Equality for Agriculture
Editor of Wallaces’ Farmer 1916-1921
U.S. Secretary of Agriculture 1921-1924
Henry Cantwell Wallace (Harry), the eldest son of Henry and Nancy Cantwell Wallace was born in 1866 in Rock Island, Illinois, where his father was ministering. As he grew up, the family moved into the journalism business in Winterset, Iowa and Harry became his father’s apprentice. In 1885, Harry entered Iowa Agricultural College in Ames, Iowa (now Iowa State University). There he met May Brodhead whom he married in 1887. Harry quit school and moved with his wife to a farm near Orient, Iowa.
In 1892, at the request of James “Tama Jim” Wilson, Henry C. moved the family back to Ames to complete his degree and became an Associate Professor of Dairy Science. In 1893, Henry C. and his brother John became partners with Professor Curtiss to publish Farm and Dairy, which later became Wallaces’ Farmer. The Wallace family befriended George Washington Carver, the first African-American student at Iowa State College. Carver was a botany student and allowed young Henry A. to accompany him on expeditions in and around Ames. Henry A. later credited Carver with encouraging his early interest in plants and botany.

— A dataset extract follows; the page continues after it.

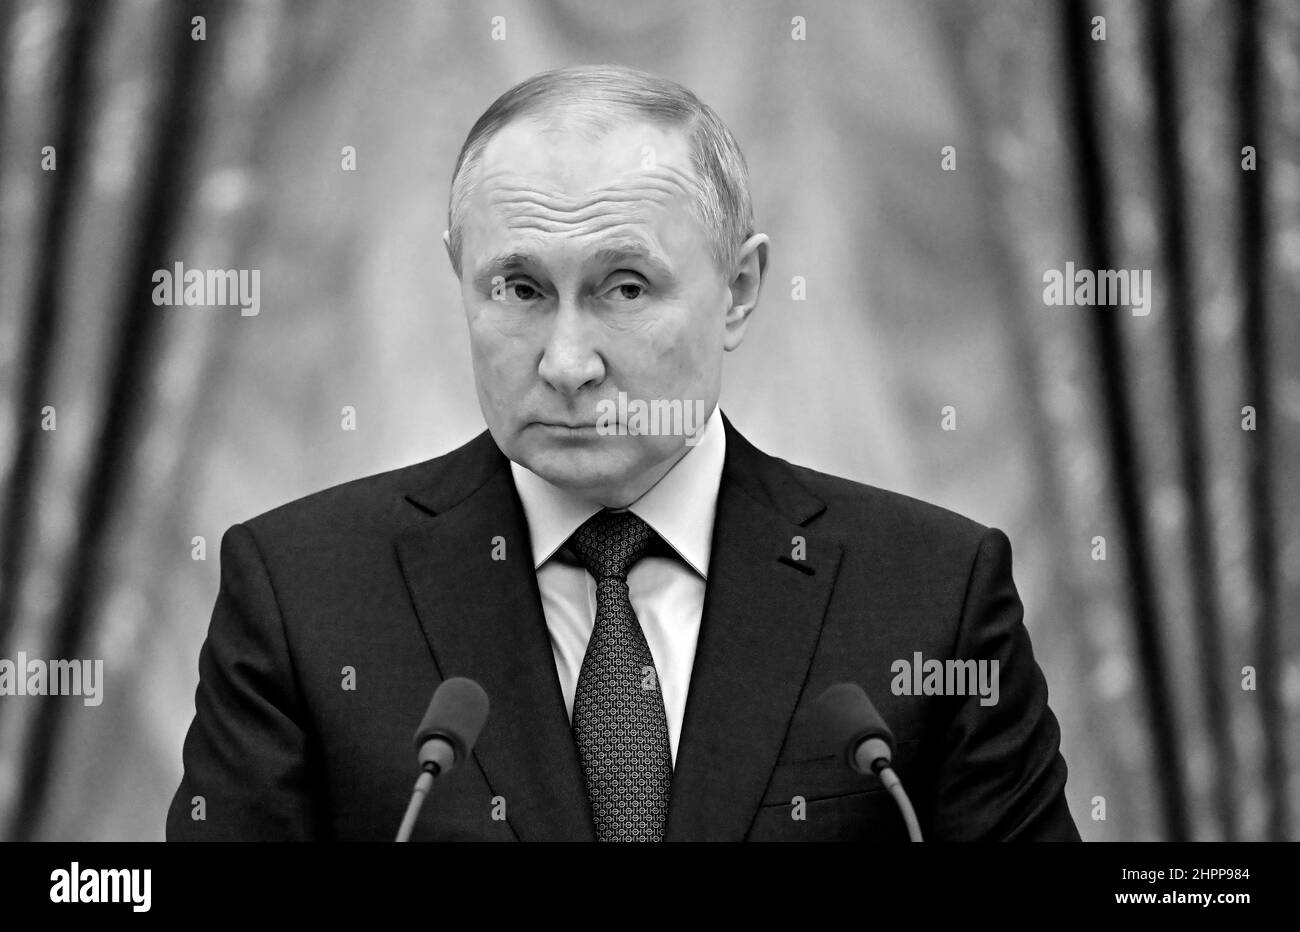 Russian President Vladimir Putin speaks on signing  documents recognizing Donetsk and Lugansk People’s Republics as independent states.. Donetsk and Lugansk are breakaway regions of Ukraine. Stock Photo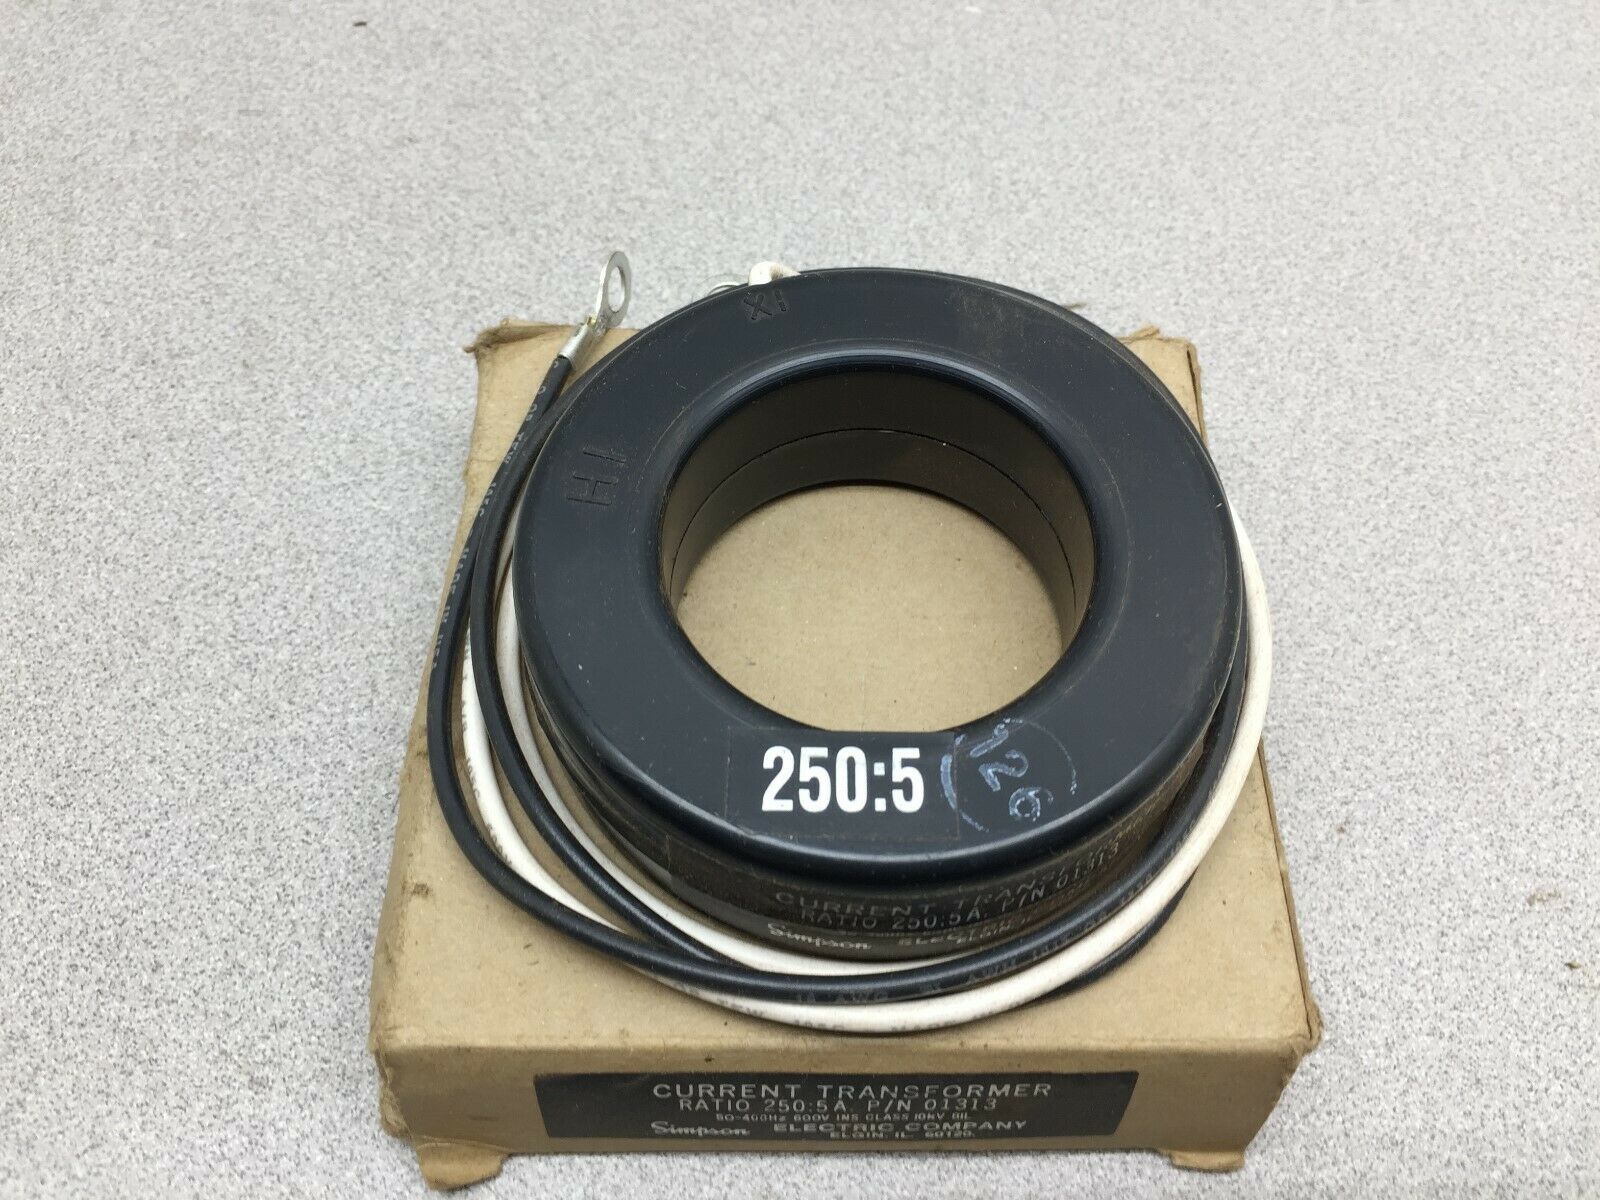 NEW IN BOX SIMPSON 250:5 CURRENT TRANSFORMER 01313

Henry C. handled much of the daily details at Wallaces’ Farmer, and became editor when his father, “Uncle Henry,” died in 1916. Henry C. was a leader of Des Moines civic activities, especially the YMCA and the Red Cross. He helped establish 4-H and Extension programs in Iowa, and was a leading figure in the organization of the American Farm Bureau. He was longtime president of the Cornbelt Meat Producers Association. Appointed Secretary of Agriculture by President Harding in 1921, Henry C. Wallace promoted programs for American farmers struggling against over-production and the collapse of farm prices following the first World War. He achieved a distinguished record as an administrator, framer of agricultural policies, creator of the Bureau of Agricultural Economics, and promoter of equality for agriculture and a better rural society. He died unexpectedly following gall bladder surgery in 1924. His book, Our Debt and Duty to the Farmer, was published posthumously.
Bibliography
Education for the Iowa Farm Boy. Des Moines: The Prairie Club of Des Moines, 1910.
Our Debt and Duty to the Farmer. New York: The Century Company, 1925.